Gastroesophageal reflux is a normal physiological phenomenon when it does not produce symptoms, is of short duration and occurs intermittently, particularly after meals.

When symptoms have chronic manifestation and periodicity, it is called gastroesophageal reflux disease, which includes the passage of gastric contents to the oesophagus, being considered the most common chronic disease of the upper digestive tract.

There are foods that promote gastroesophageal reflux such as tomato derivatives, citrus juice, chocolate, coffee and alcohol, in addition to substances such as tobacco and some medications (oestrogens and oral contraceptives).

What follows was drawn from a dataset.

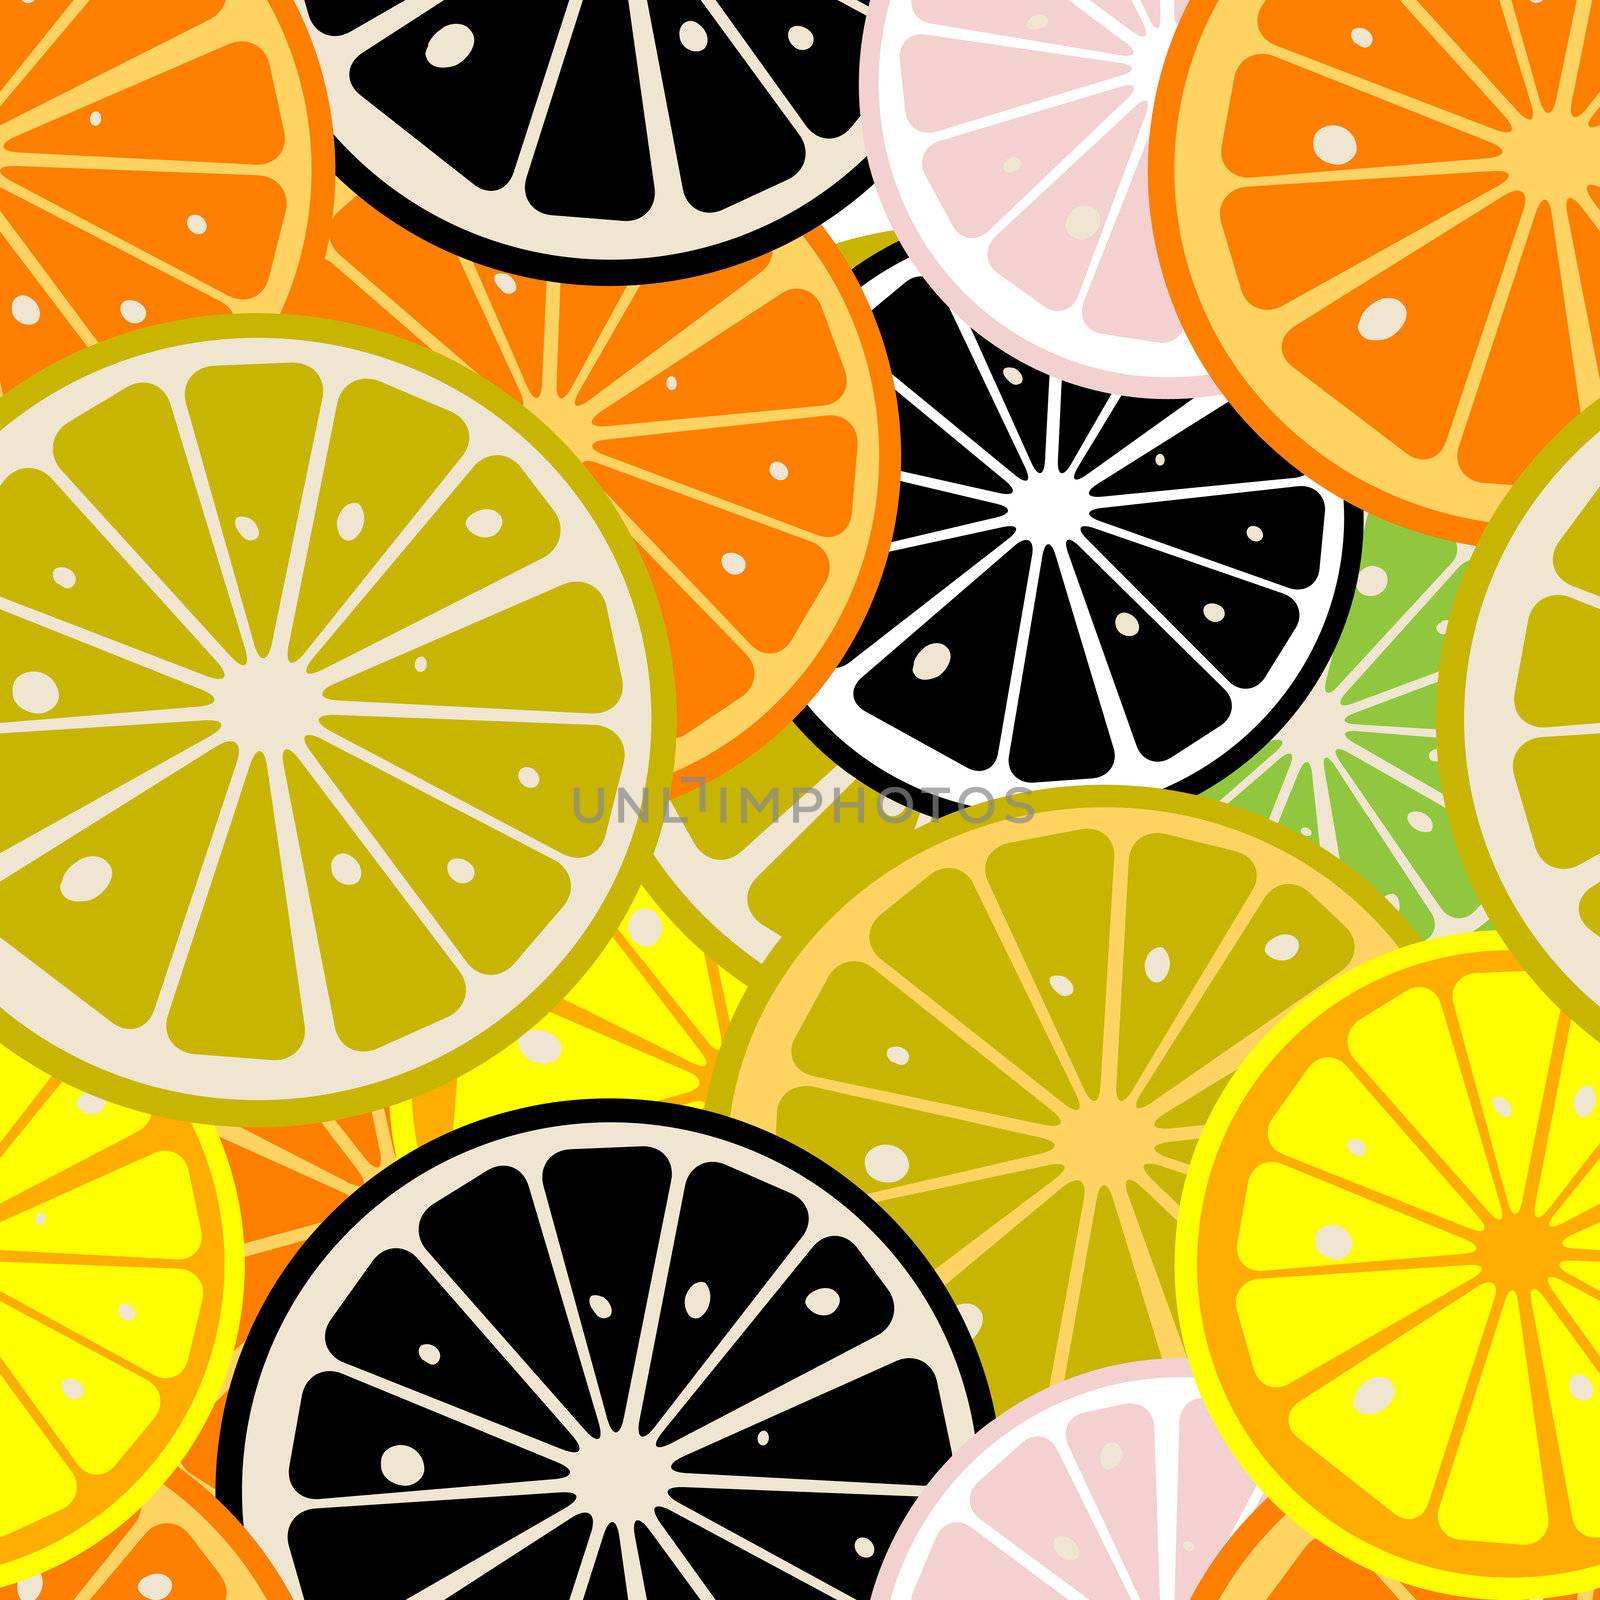 Lemon slices pattern by Lirch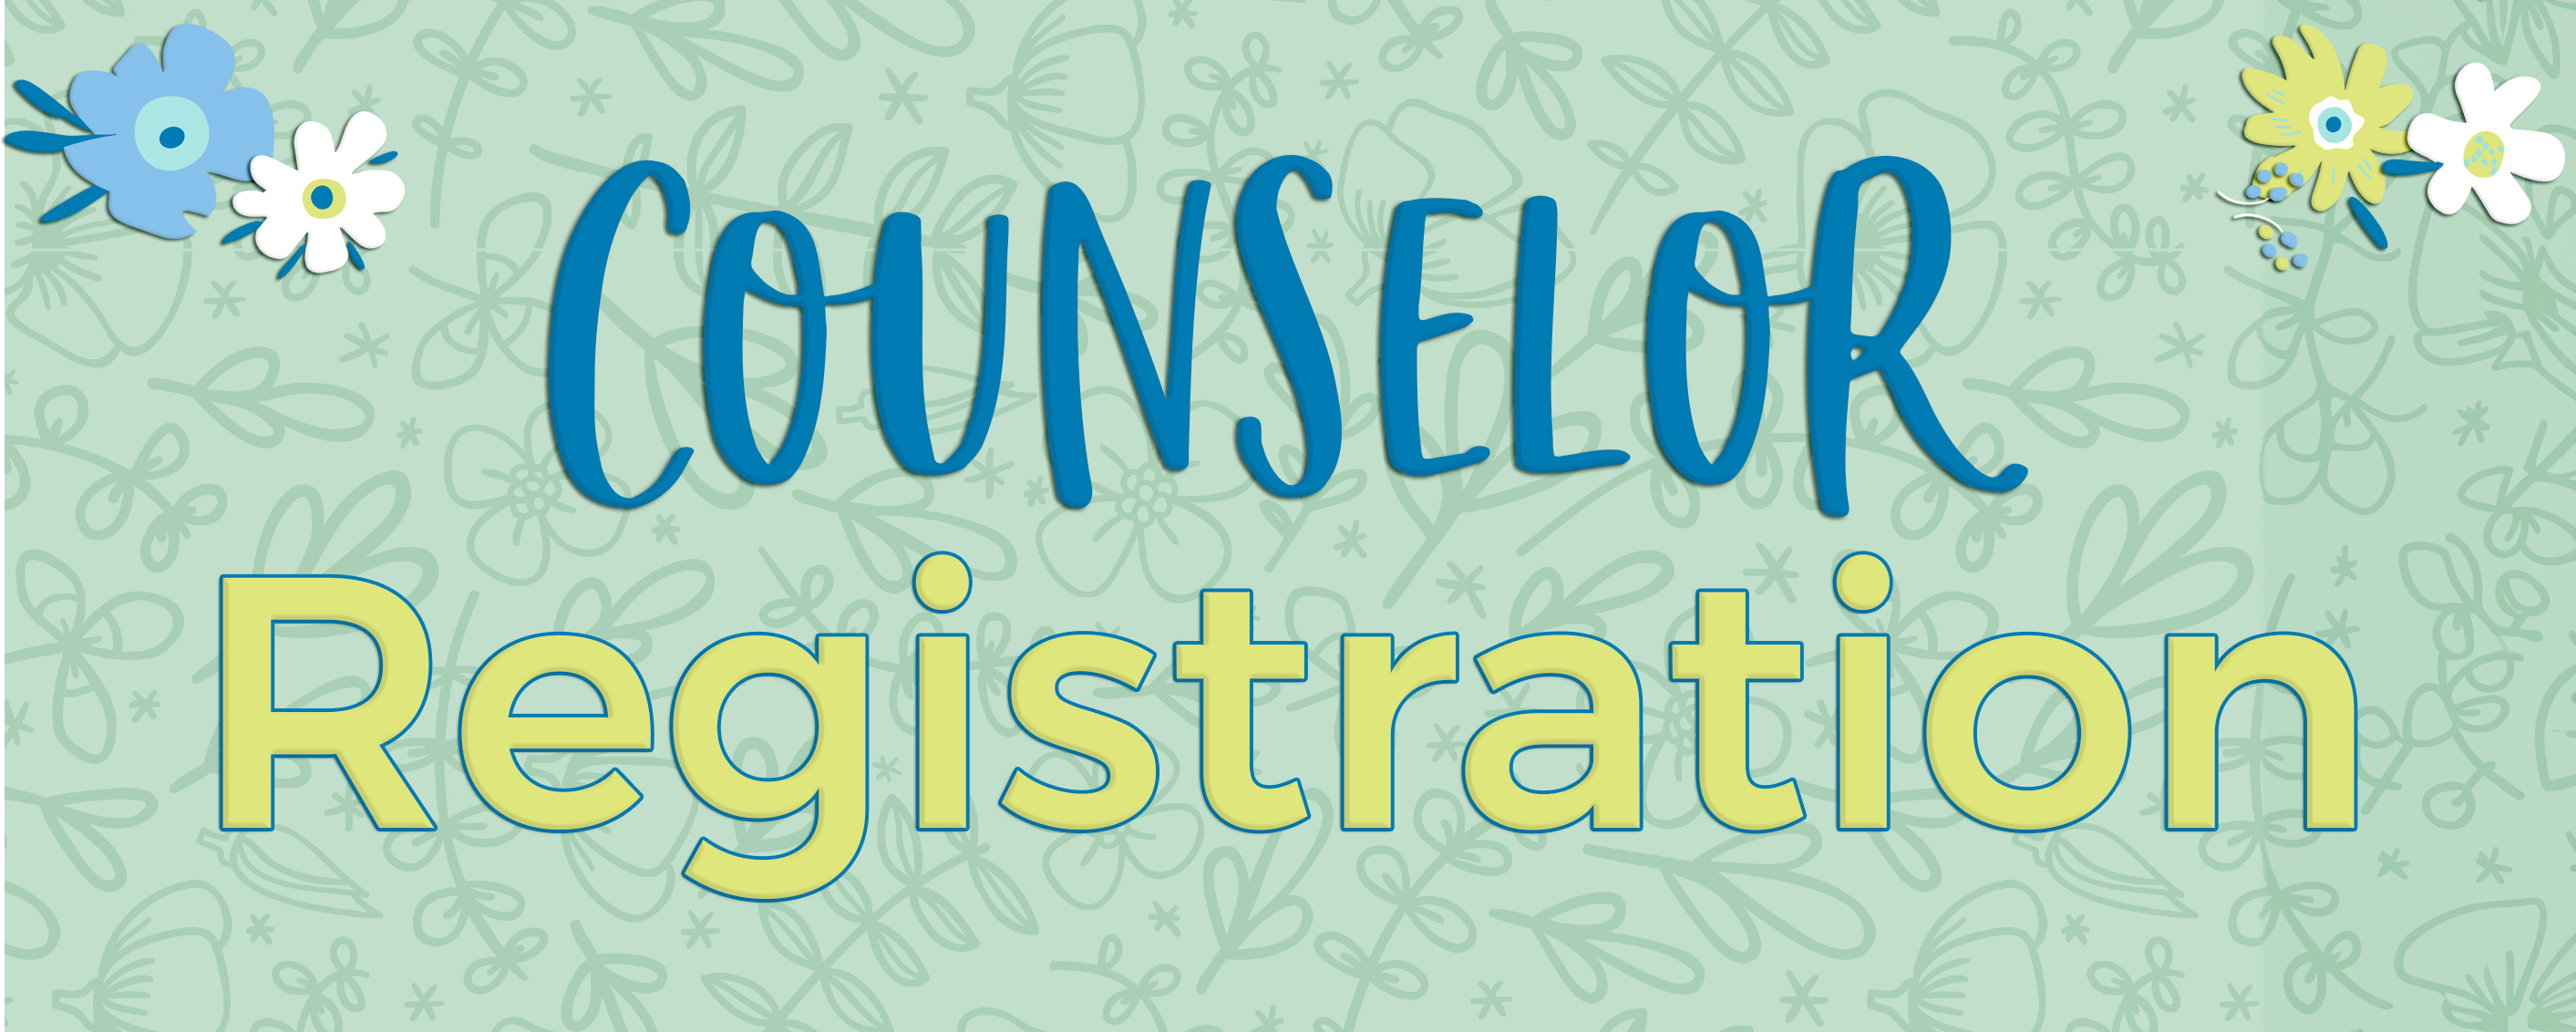 counselor registration

The presence of gastroesophageal reflux is also related to increased intra-abdominal pressure (tight clothing, pregnancy, cough, obesity, sudden physical exercise that increases intra-abdominal pressure, constipation).

The most typical signs and symptoms are heartburn/heartburn and acid regurgitation. In heartburn, the individual reports a burning sensation in the chest, which can radiate to the neck, usually less than an hour after meals, worsening in the lying position. In regurgitation, the individual manifests that the food “returns to the mouth”, without the effort of vomiting.

The main tool for diagnosing reflux is the clinical history. However, because there are situations that can present similar symptoms (the case of peptic ulcer or gastritis), it is sometimes necessary to perform tests that allow the differential diagnosis: upper digestive endoscopy, radiography of the oesophagus, stomach and duodenum or pH measurement oesophageal, among others.

Treatment includes several approaches: taking medication, surgery in more complicated cases and changing daily habits. Eat small meals, avoid the foods described above and carbonated drinks, do not lie down for 2 to 3 hours after the meal, and raise the head of the bed (approximately 15 centimetres).